EXERCISE AIM: Reproduce the lines below verbatim. Pictures are to be omitted.

++++ RECORDED DATA ++++

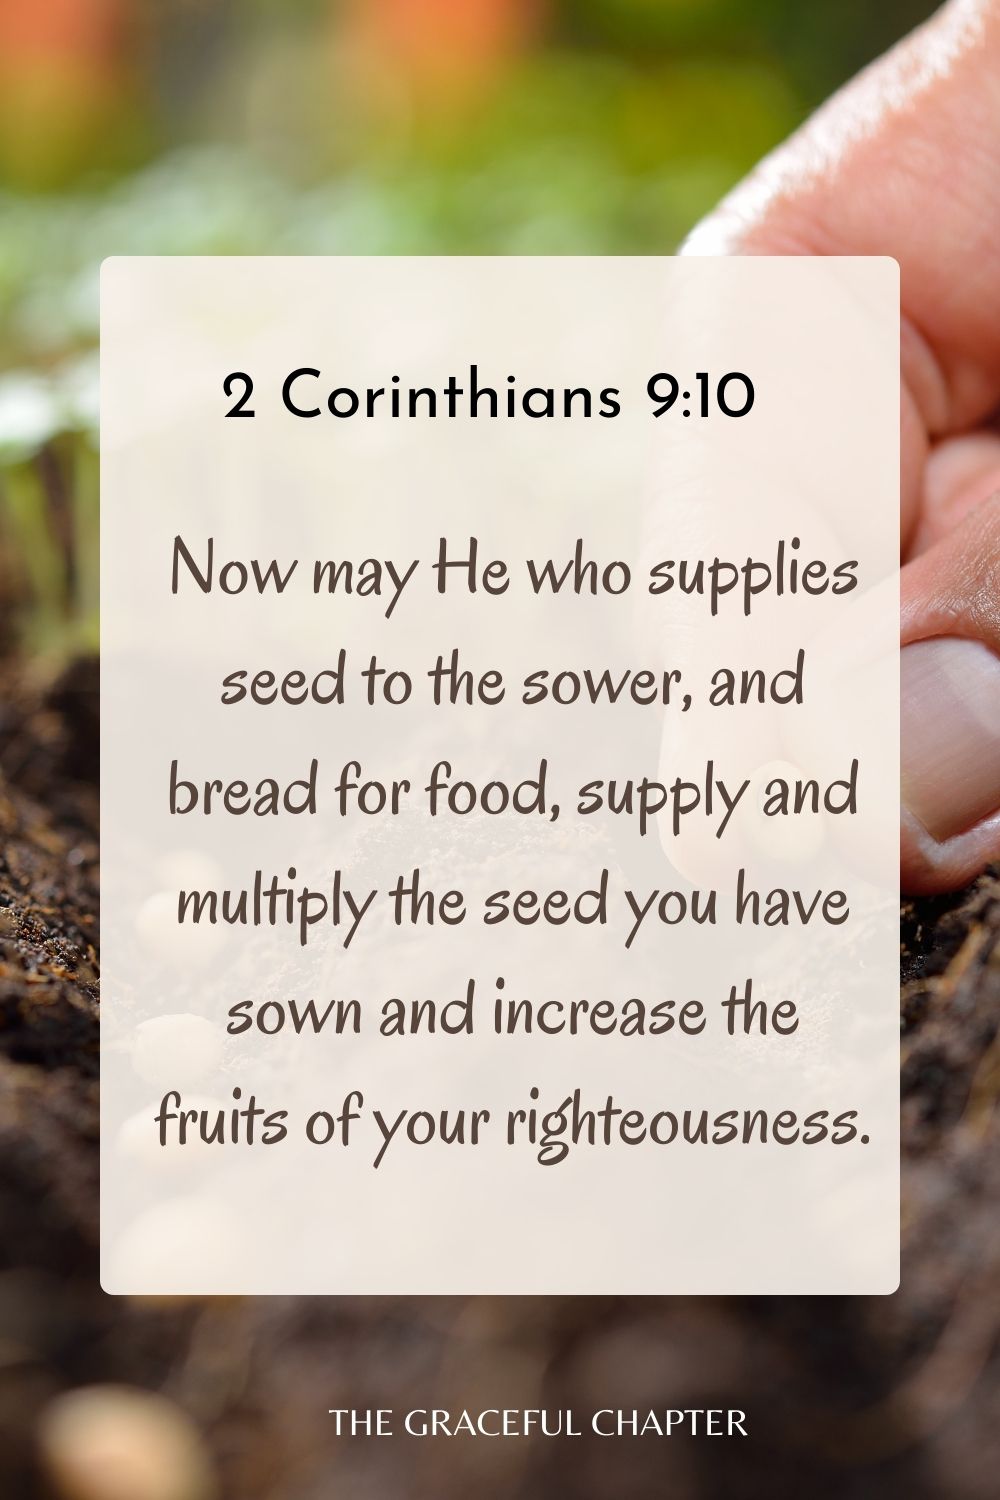 Now may He who supplies seed to the sower, and bread for food, supply and multiply the seed you have sown and increase the fruits of your righteousness. 2 Corinthians 9:10
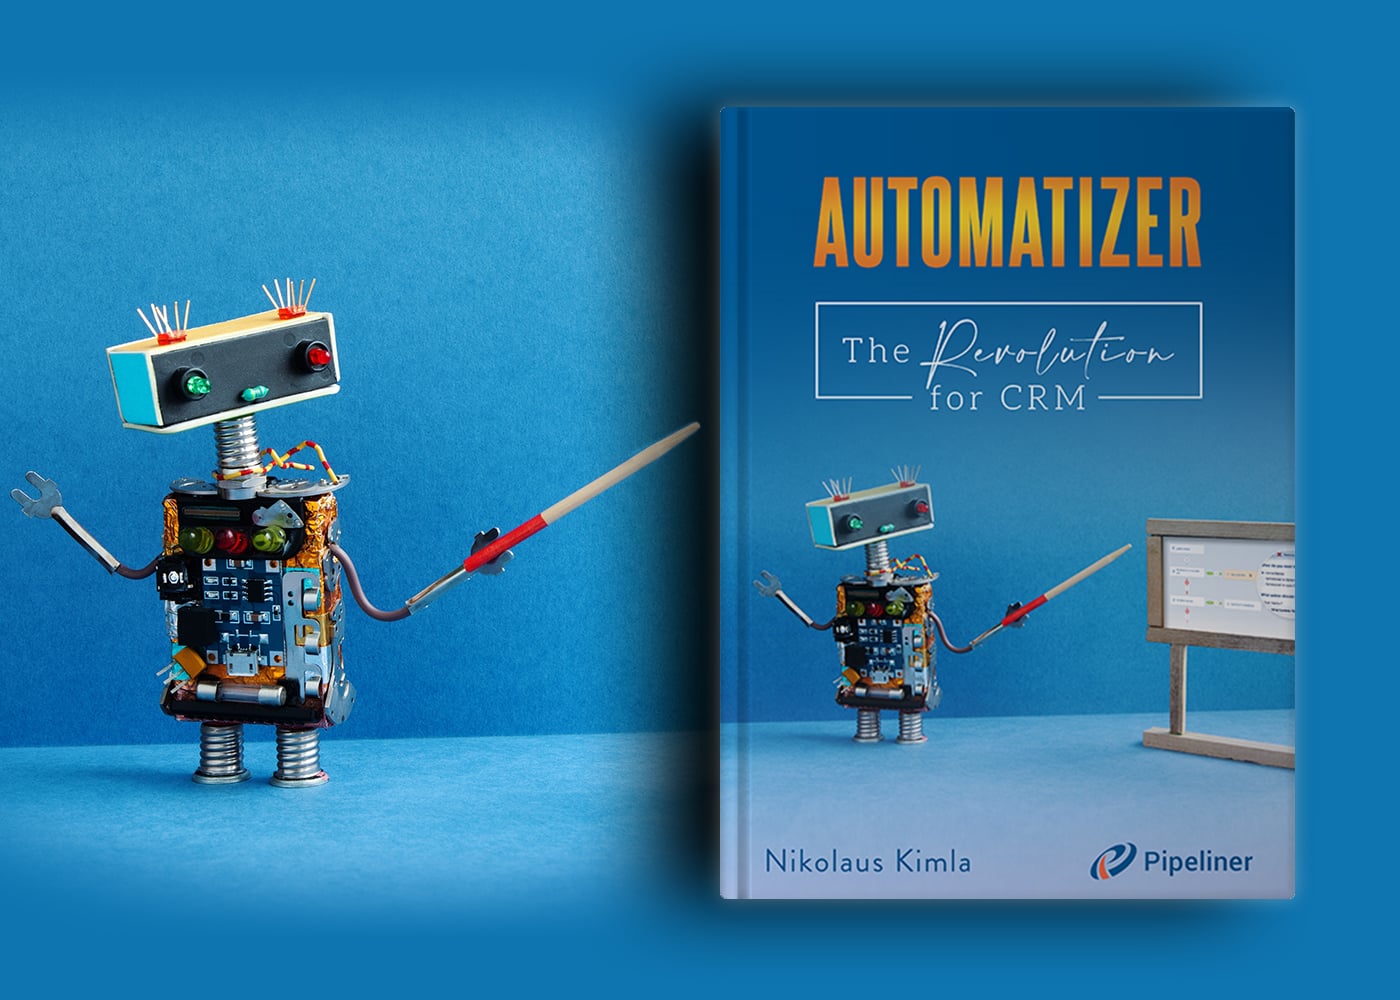 Automatizer the revolution for CRM
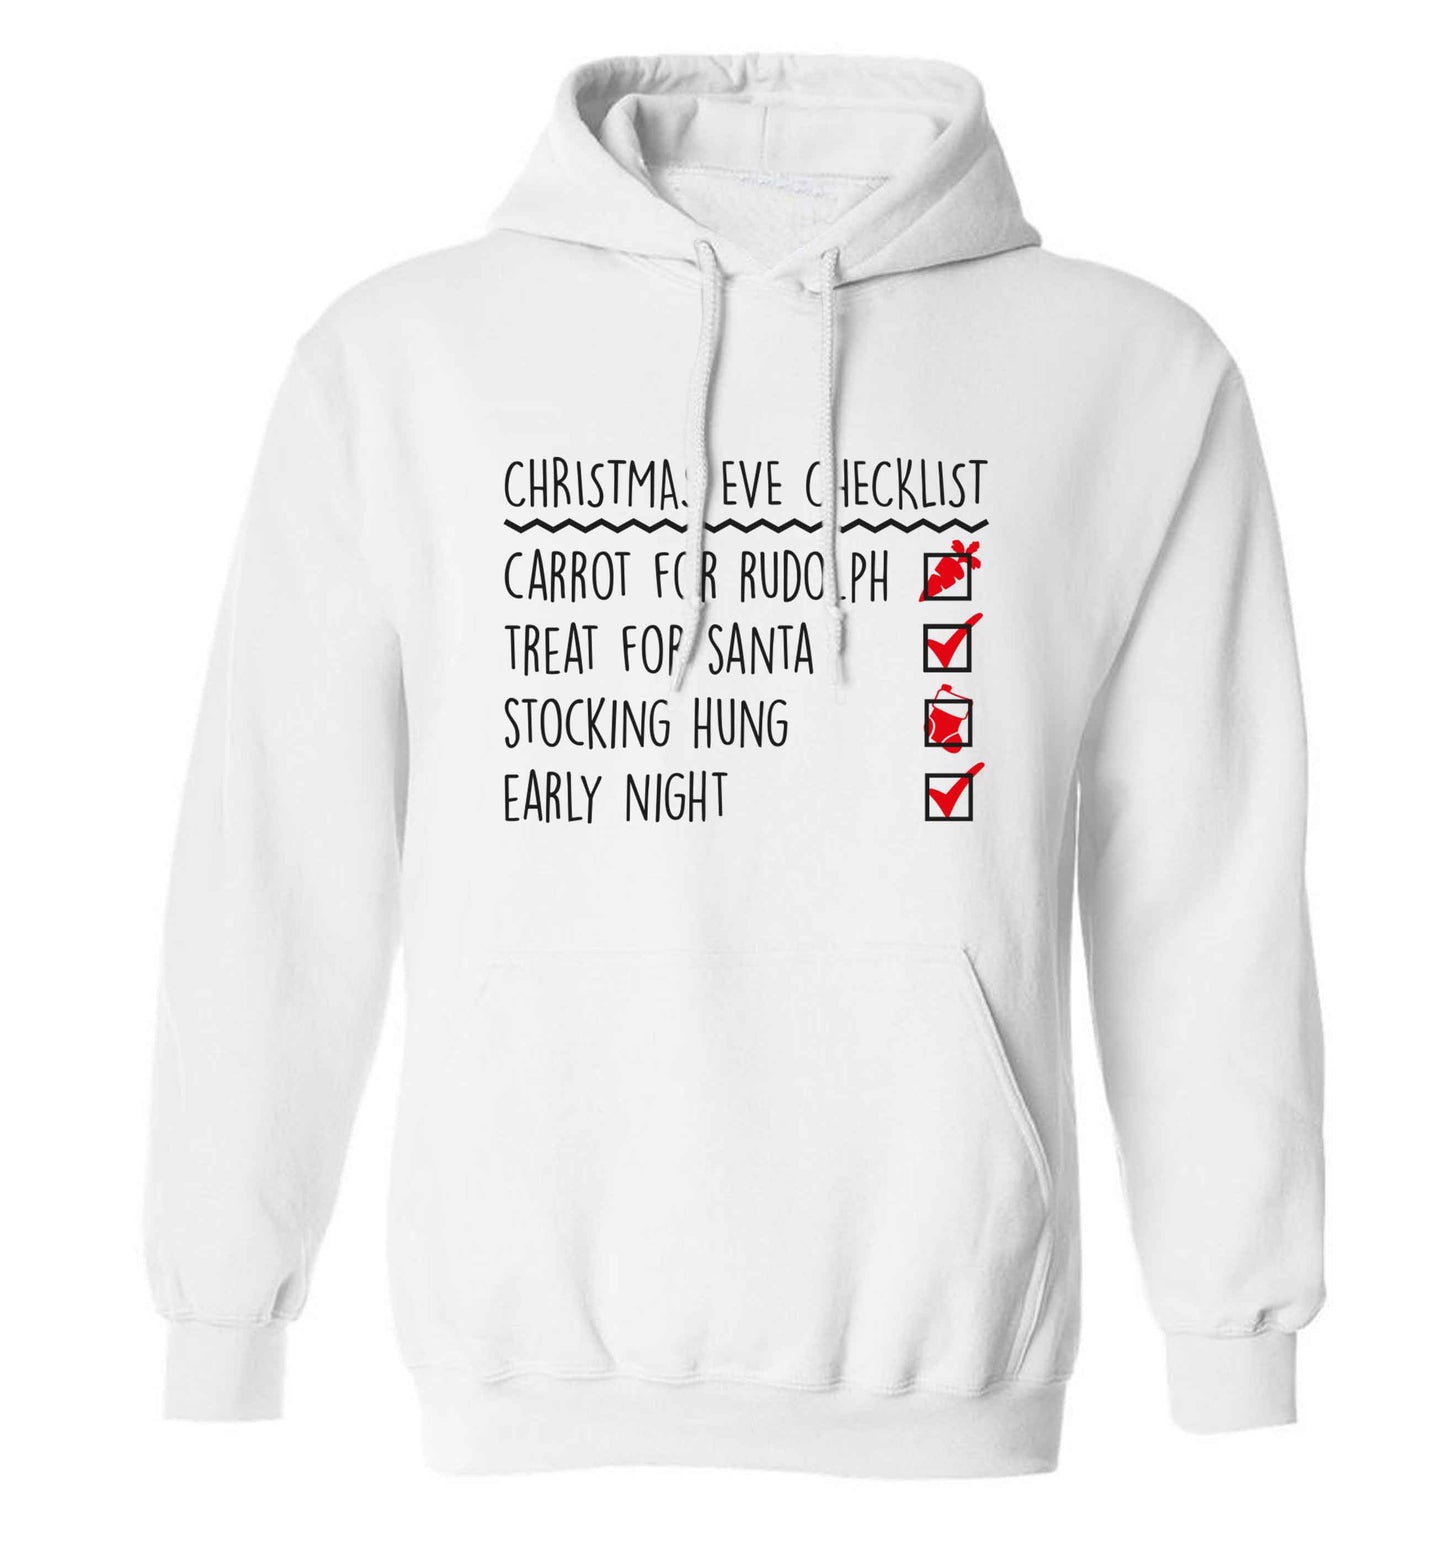 Candy Canes Candy Corns adults unisex white hoodie 2XL
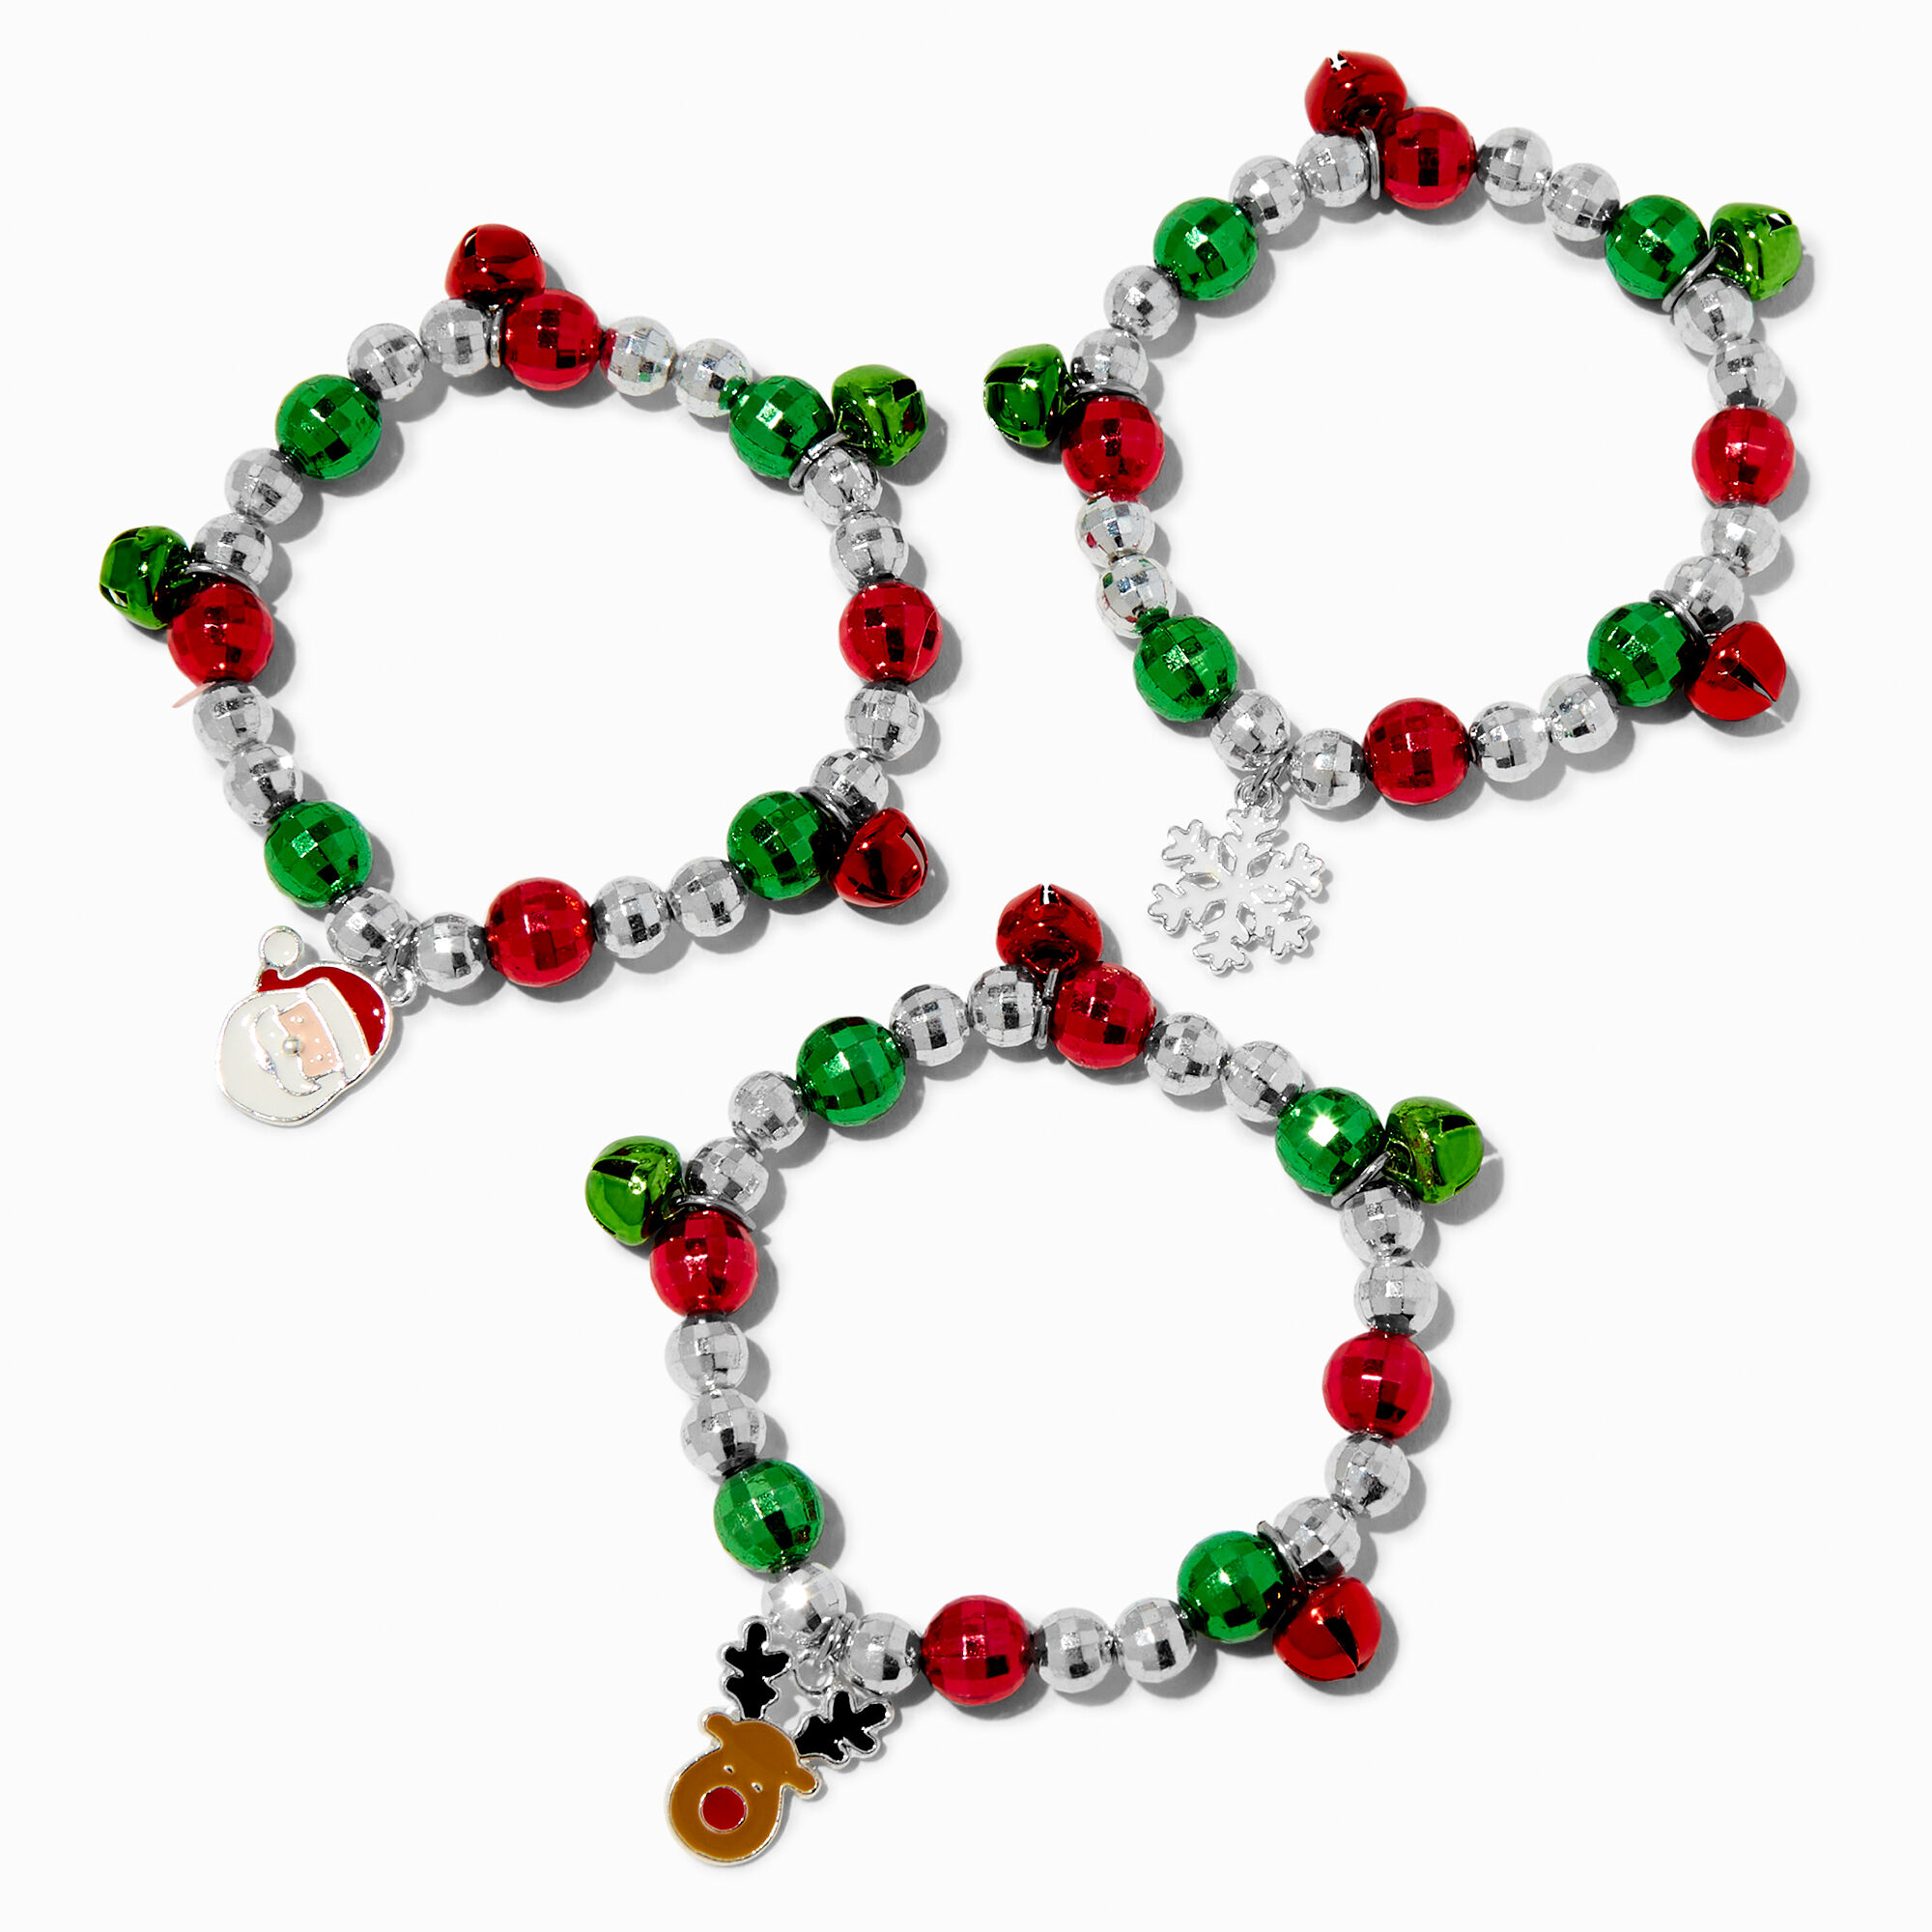 View Claires Christmas Jingle Bells Stretch Charm Bracelets 3 Pack information

++++

EXERCISE ANSWER:
 Now may He who supplies seed to the sower, and bread for food, supply and multiply the seed you have sown and increase the fruits of your righteousness. 2 Corinthians 9:10
 Automatizer the revolution for CRM
 Candy Canes Candy Corns adults unisex white hoodie 2XL
 View Claires Christmas Jingle Bells Stretch Charm Bracelets 3 Pack information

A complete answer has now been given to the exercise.